Friday, September 11, 9:00 Eastern Time, zoom seminar
Jose Maria Martell (ICMAT)
Uniform rectifiability and elliptic operators satisfying a Carleson measure condition
Abstract: In this talk I will study the correspondence between the properties of the solutions of a class of PDEs and the geometry of sets in Euclidean space. We settle the question of whether (quantitative) absolute continuity of the elliptic measure with respect to the surface measure and uniform rectifiability of the boundary are equivalent, in an optimal class of divergence form elliptic operators satisfying a suitable Carleson measure condition. Our setting is that of domains having an Ahlfors regular boundary and satisfying the so-called interior Corkscrew and Harnack chain conditions (these are respectively scale-invariant/quantitative versions of openness and path-connectivity) and we show that for the class of Kenig-Pipher uniformly elliptic operators (operators whose coefficients have controlled oscillation in terms of a Carleson measure condition) the solvability of the $L^p$-Dirichlet problem with some finite $p$ is equivalent to the quantitative openness of the exterior domains or to the uniform rectifiablity of the boundary. Joint work with S. Hofmann, S. Mayboroda, T. Toro, and Z. Zhao.

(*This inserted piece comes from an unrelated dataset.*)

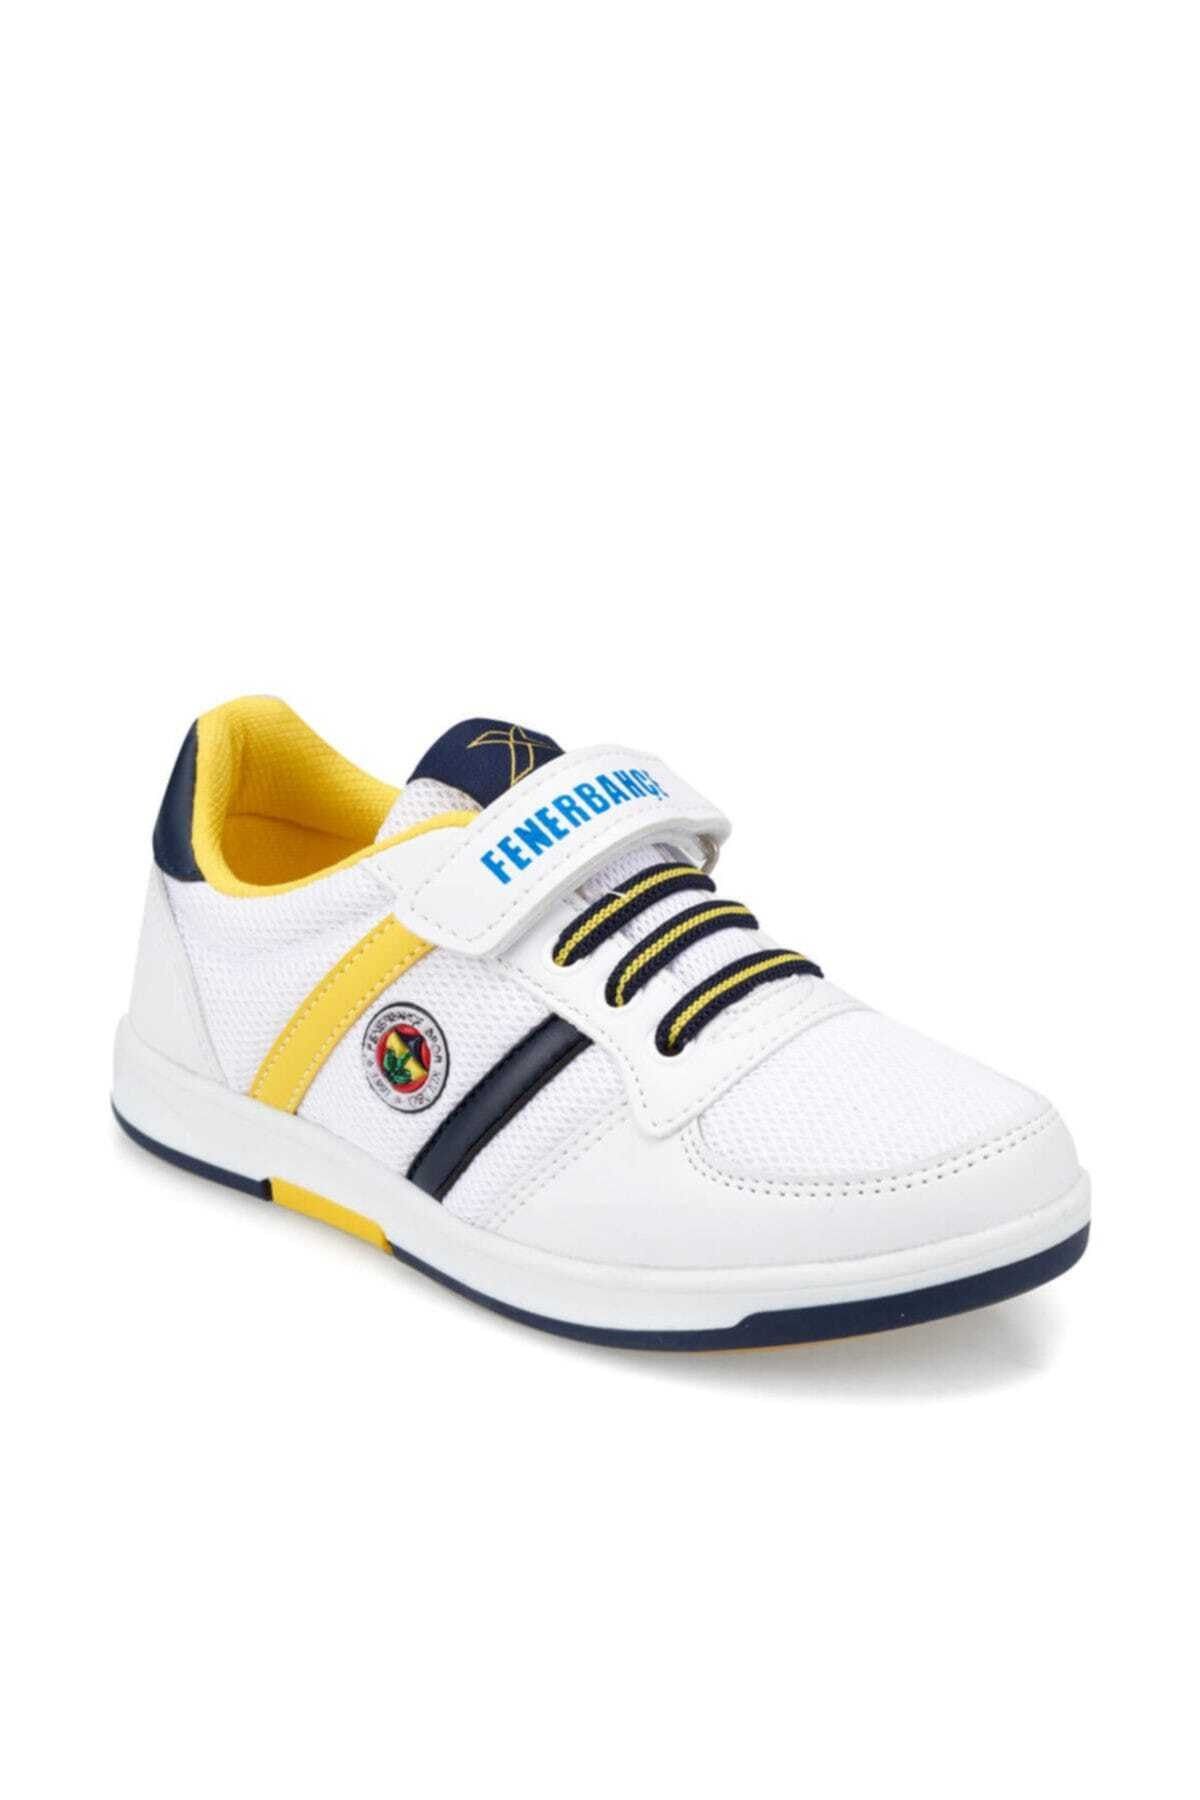 Fenerbahçe FB Upton J Fb Beyaz Lacivert Sarı Erkek Çocuk Sneaker Ayakkabı 100357718

Friday, October 9, 13:00 Eastern time, zoom seminar
Arick Shao (Queen Mary university)
On Controllability of Waves and Geometric Carleman Estimates
Abstract: We consider the question of exact (boundary) controllability of wave equations: whether one can steer their solutions from any initial state to any final state using appropriate boundary data. In particular, we discuss new and fully general results for linear wave equations on time-dependent domains with moving boundaries. We also discuss the novel geometric Carleman estimates that are the main tools for proving these controllability results.
Friday, October 16, 14:30 Eastern Time, zoom seminar
Guangyu Xi (University of Maryland)
On the Smoluchowski-Kramers approximation of infinite dimensional systems with state-dependent damping
Abstract: We study a class of stochastic nonlinear damped wave equations endowed with Dirichlet boundary conditions. We show that the Smoluchowski-Kramers approximation describes the convergence of solutions of the stochastic wave equations to the solution of a quasilinear stochastic parabolic equation endowed with Dirichlet boundary conditions. This is a joint work with Sandra Cerrai from UMD.
Friday, October 23, 14:30 Eastern time, zoom seminar
Mohammad Shirazi (McGill)
Schiffer operator corresponding to Riemann surfaces with finitely many borders
Abstract: In this talk, a brief history of the Schiffer operator on the complex plane, on the Riemann sphere, and (some type of) Riemann surfaces will be reviewed. Some of my thesis' results concerning the development of this operator on Riemann surfaces (open, with finitely many borders, each homeomorphic to S^1) will be presented. We will see when the Schiffer operator is a bounded isomorphism.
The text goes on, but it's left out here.